At the 2022 World Championships, Teong made it to the final of the 50 m butterfly. He was the only Asian in the final. He clocked a timing of 23.29s, finishing 8th overall.

One month later, in late July, Teong made it to the finals of the 50 m butterfly at the 2022 Commonwealth Games. He clinched a silver in the final, clocking a time of 23.21s, losing to 2014 champion Ben Proud who won in a time of 22.81s.

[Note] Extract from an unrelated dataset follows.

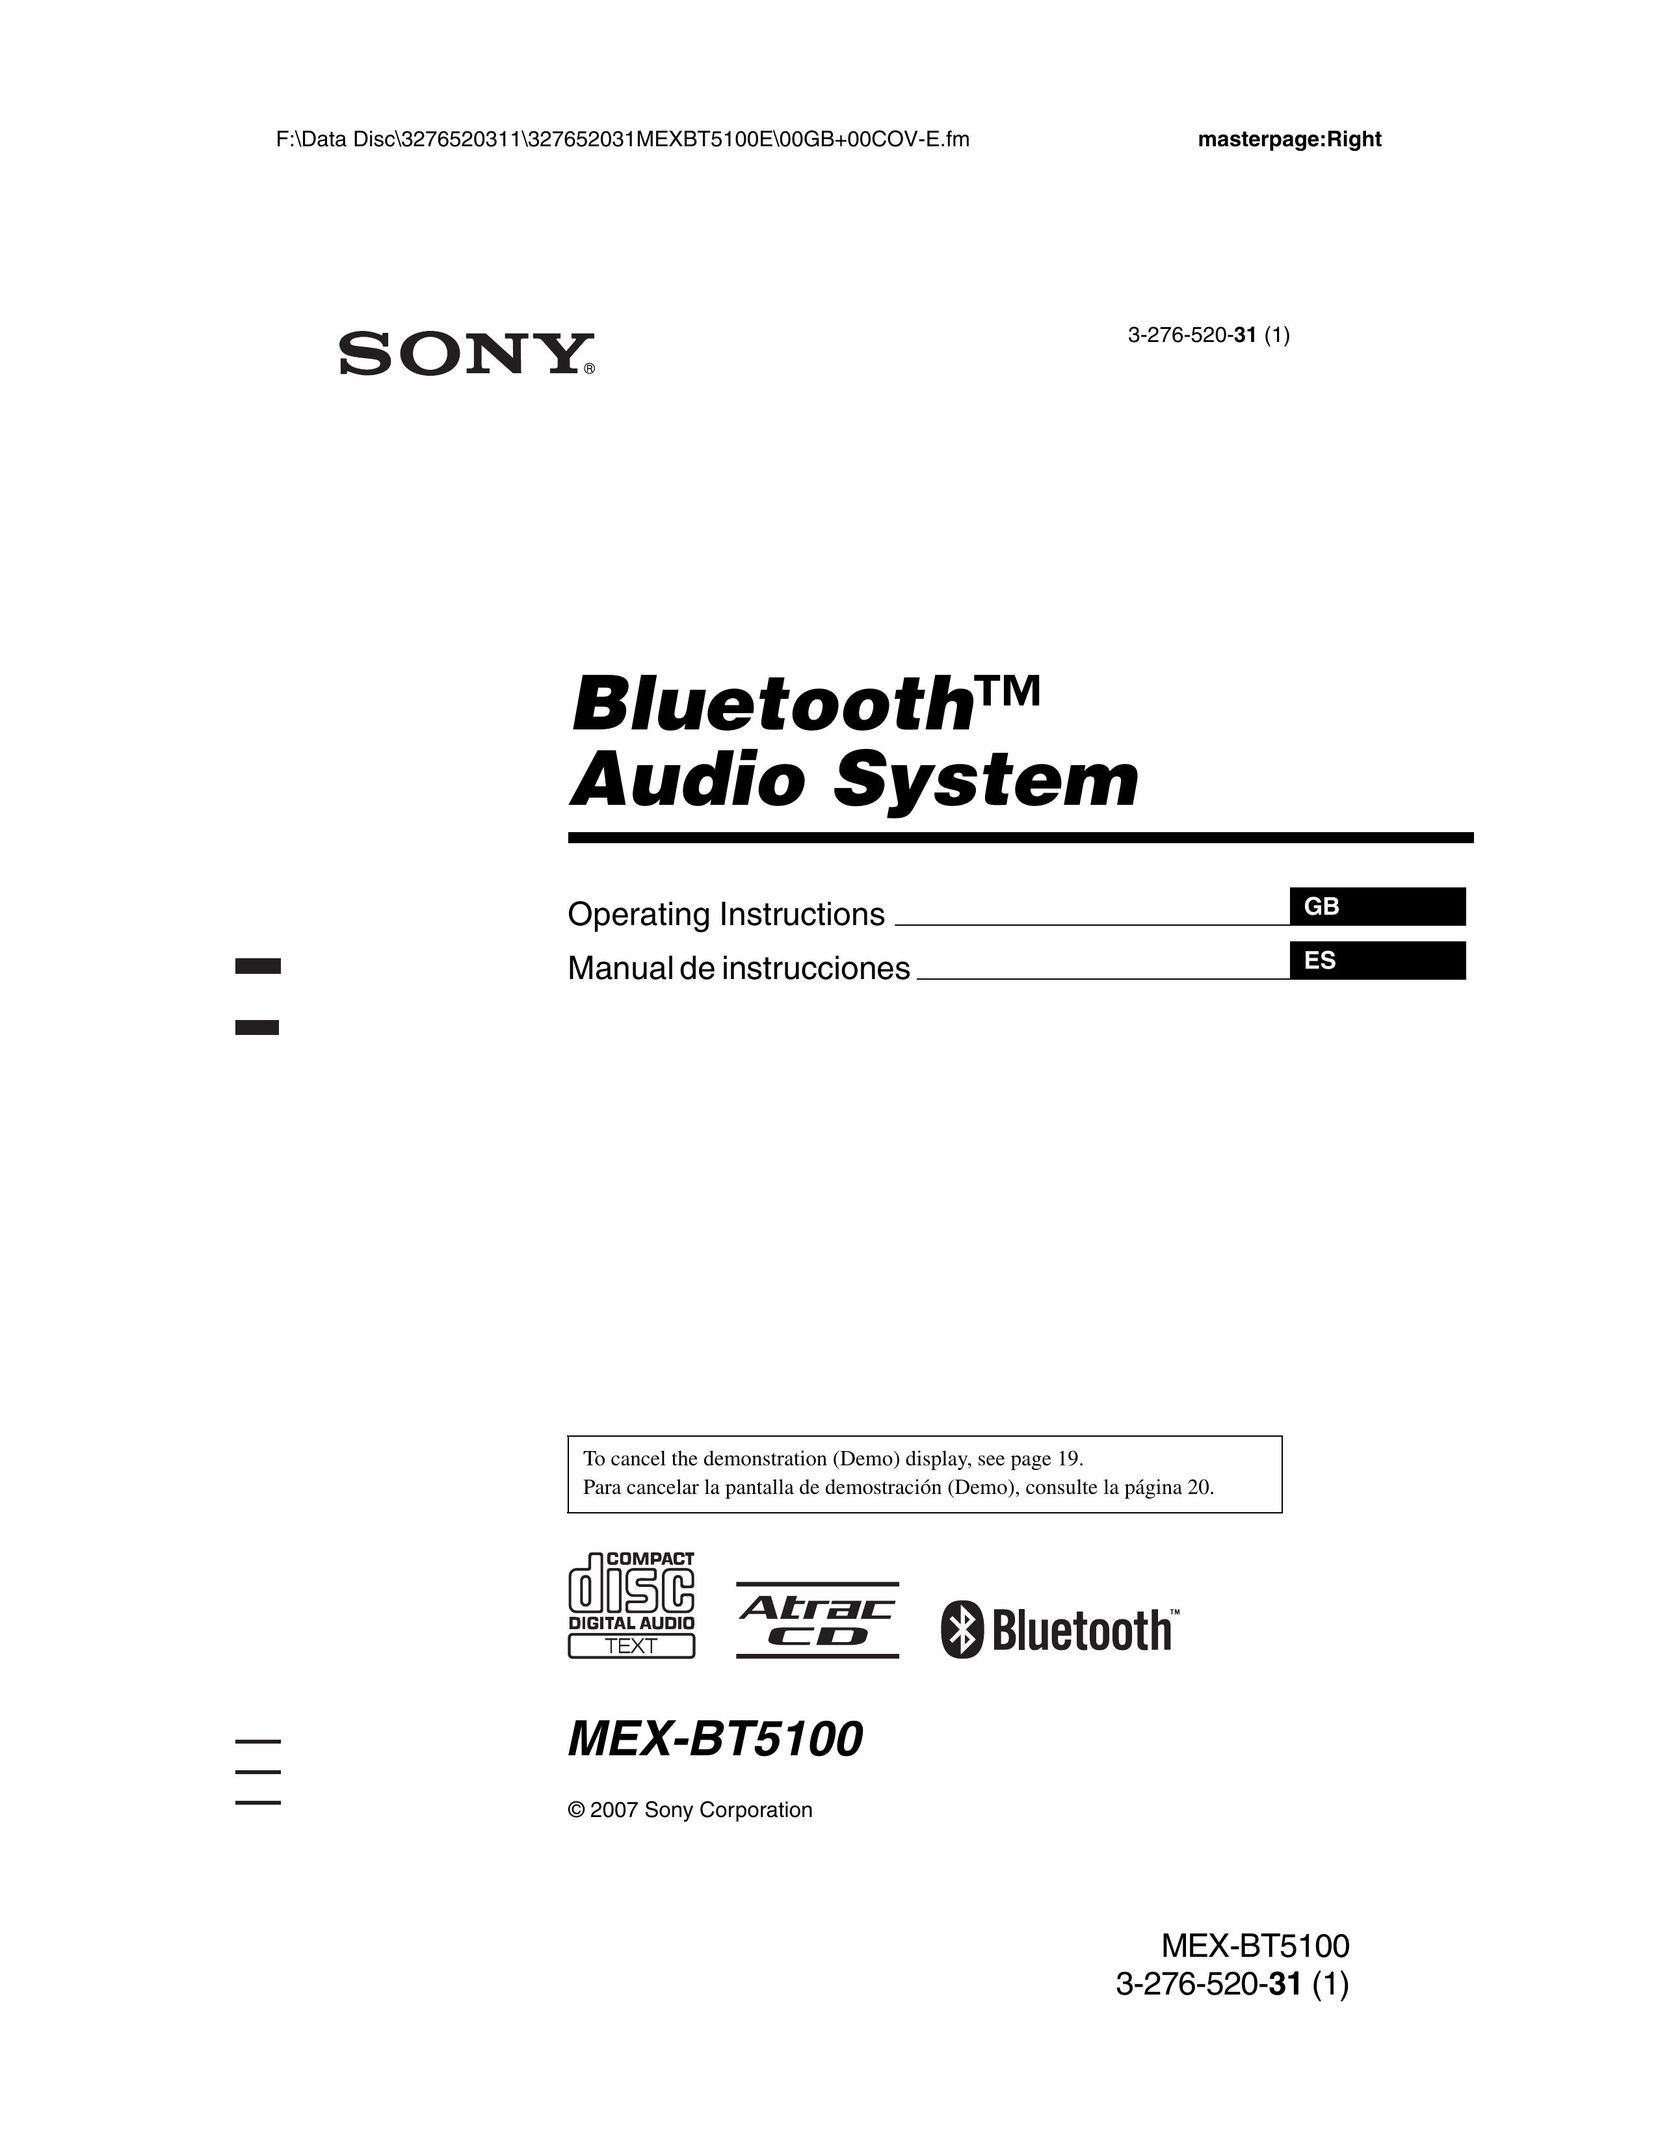 Sony MEX-BT5100 Bluetooth Headset User Manual
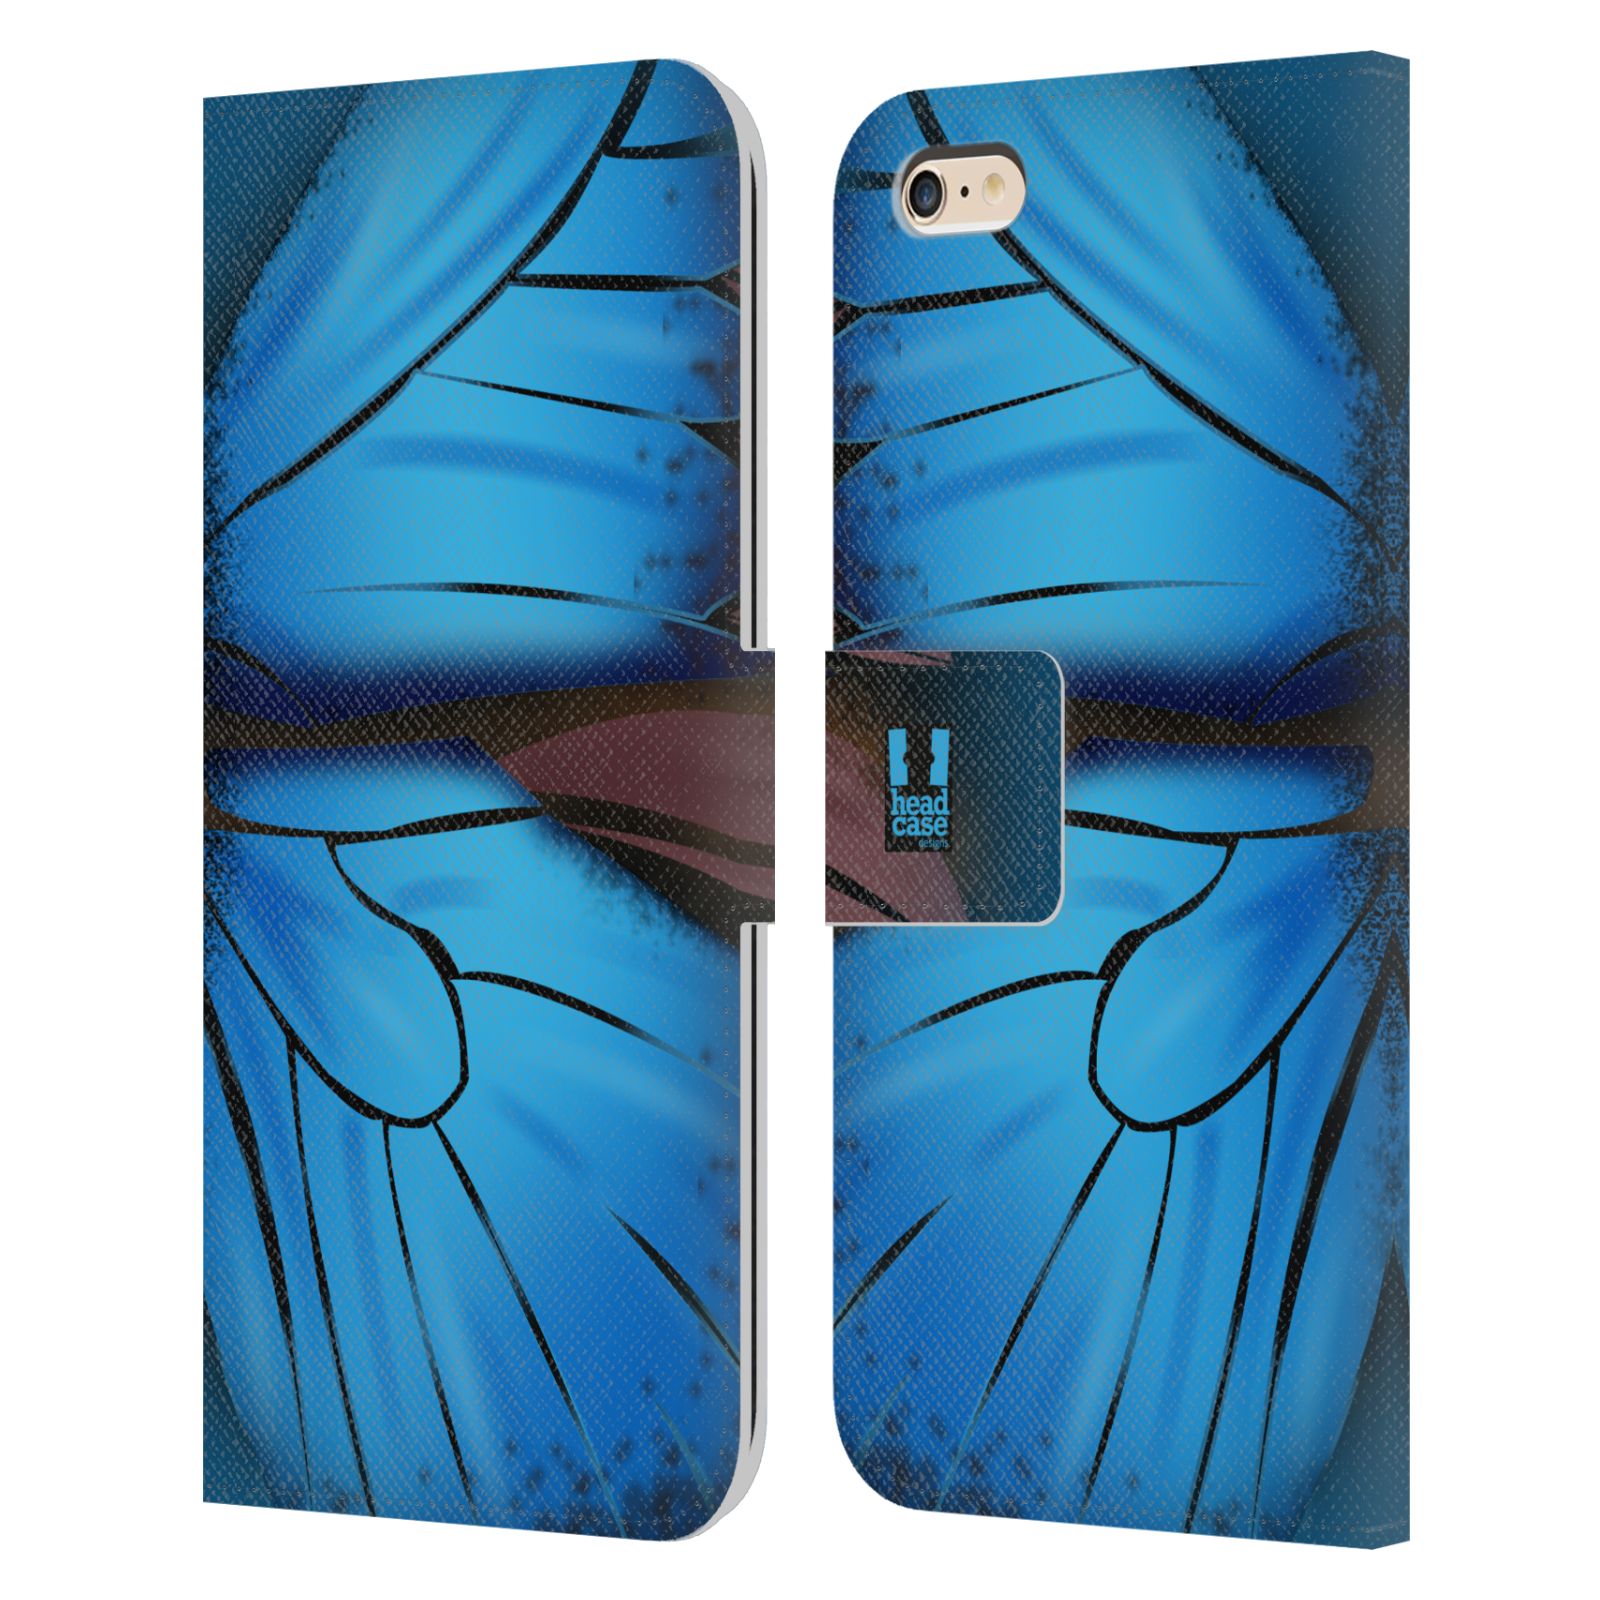 HEAD CASE Flipové pouzdro pro mobil Apple Iphone 6 PLUS / 6S PLUS motýl a křídla kreslený vzor modrá barva

In December, at the Short-Course World Championships, Teong made it to the final of the 50 m butterfly. He set the Asian record in the heats and repeated his time again in the finals, clocking 22.01s. He finished 4th in the final, missing out on a medal. Teong also swam the 50m freestyle, finishing 11th in the semi-final. He clocked 21.09s which is a national record & personal best.

== Personal life ==
In September 2022, Teong publicly admitted to consuming "controlled drugs" while he was overseas. He was given a one-month long suspension from Sports Singapore, and had his spexScholarship support withdrawn for one month, both starting from October 1.